Imagine overhearing the Powerball lottery winning numbers, but you didn’t know when those numbers would be called—just that at some point in the next 10 years or so, they would be. Despite the financial cost of playing those numbers daily for that period, the payoff is big enough to make it worthwhile.
Animals that live in highly variable environments play a similar lottery when it comes to their Darwinian fitness, or how well they are able to pass on their genes. In a new study led by the University of Michigan, scientists found that red squirrels that gambled at the game of reproduction outperformed their counterparts, even if it cost them in the short term.
Natural selection favors female squirrels that have large litters in years when food is abundant because they contribute lots of babies to the gene pool, said Lauren Petrullo, lead author and National Science Foundation postdoctoral research fellow in biopsychology at the University of Michigan.
“We were surprised to find that some females have large litters in years when there won’t be enough food for their babies to survive the winter,” she said. “Because it’s biologically expensive to produce offspring, we wanted to know why these females make what appears to be an error in their reproductive strategy.”
The red squirrels studied live in the Canadian Yukon and experience a “mast year,” or boom in their main food source—seeds from the cones of white spruce trees—once every four to seven years.
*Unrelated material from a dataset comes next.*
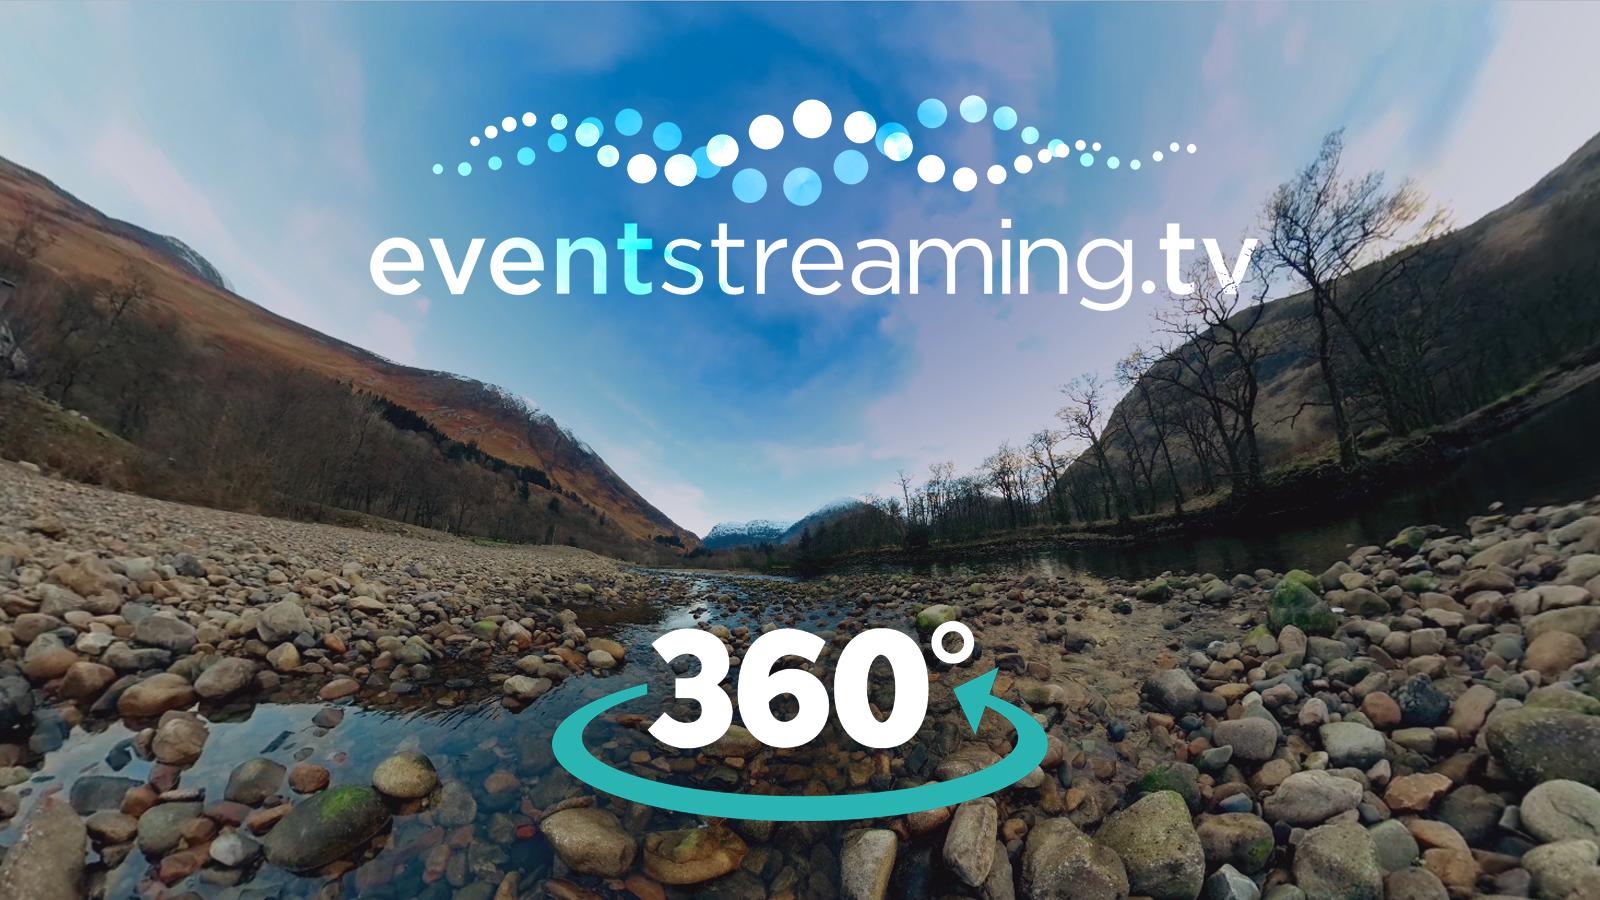 360 video company to stream 360 degree event webcast 360 live stream 360°
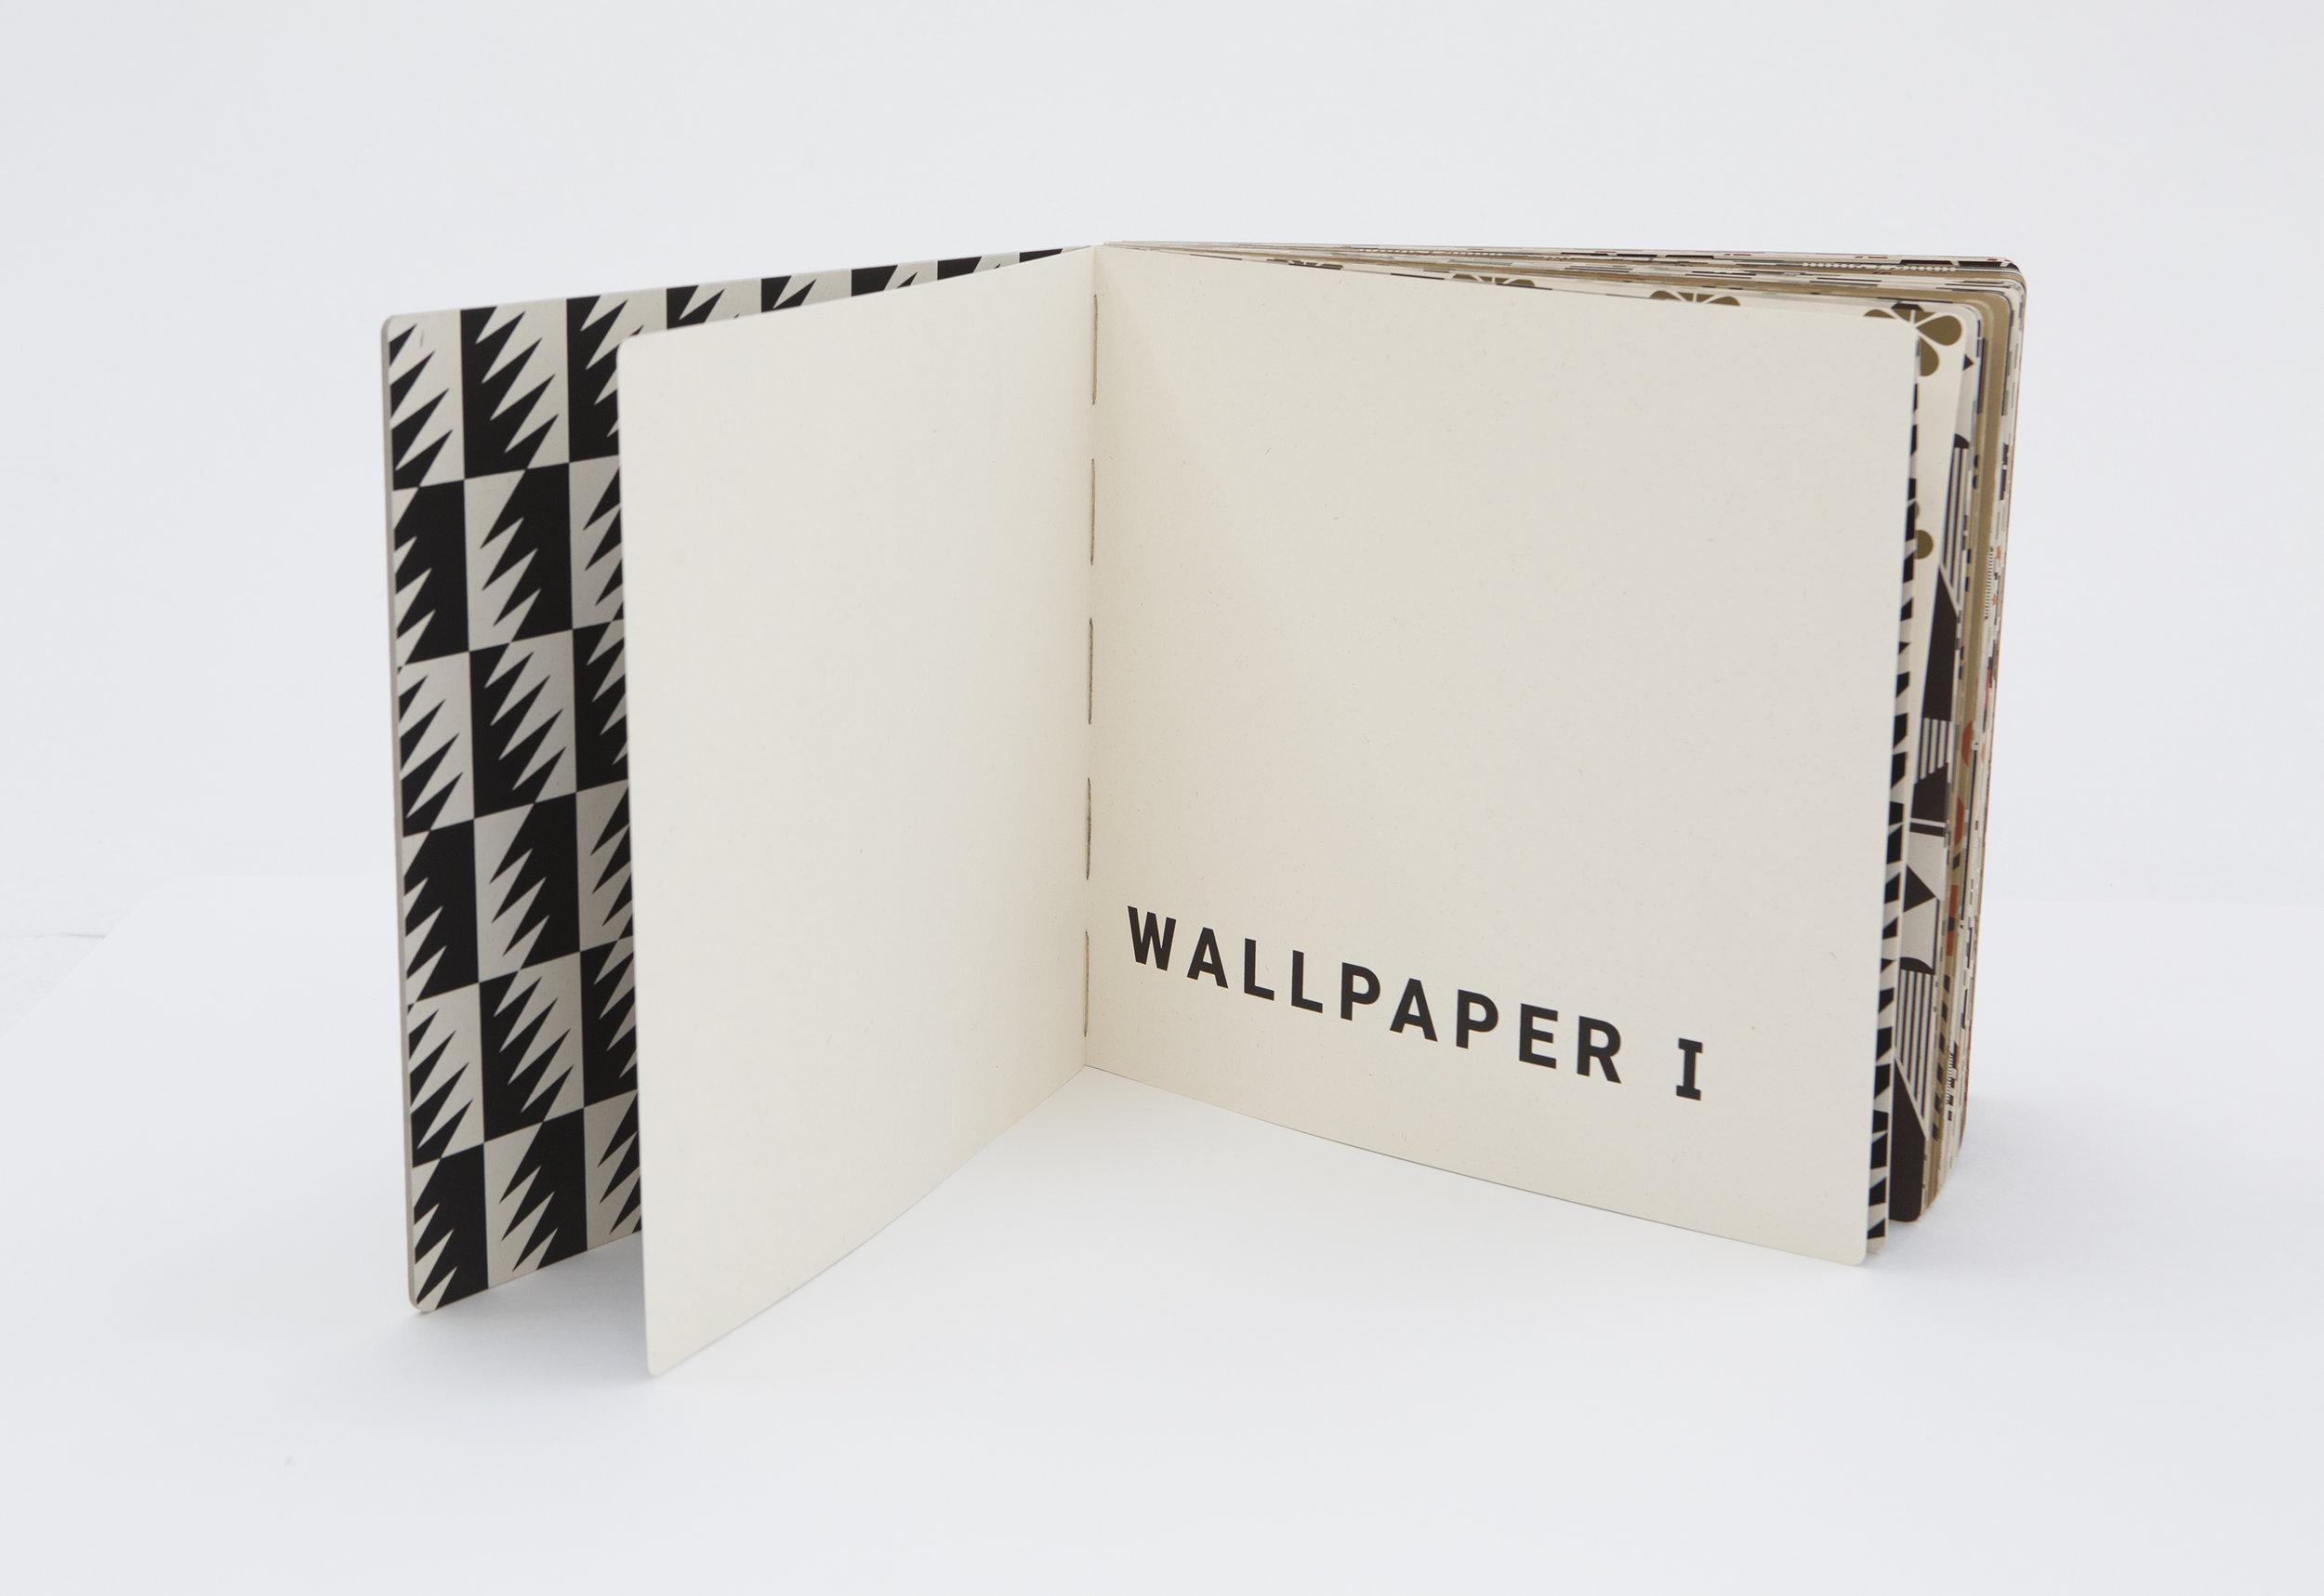 wallpaper_JordanAnnCraig.jpg

Squirrels forecast the large mast crop of food before it occurs and increase litter sizes in the months prior, ensuring better future survival for their babies and better fitness for themselves.“There is a constant tug-of-war between the trees and the squirrels at our study site,” Petrullo said, “with each player trying to deceive the other for its own fitness gain.”
Petrullo and Ben Dantzer, U-M associate professor of psychology and of ecology and evolutionary biology, used data collected by the Kluane Red Squirrel Project, a collaborative, 34-year-old field study involving U-M, the University of Colorado, the University of Alberta and the University of Saskatchewan.“Each year, we collect data on how many babies squirrels produce and how many spruce cones the squirrels eat,” Dantzer said.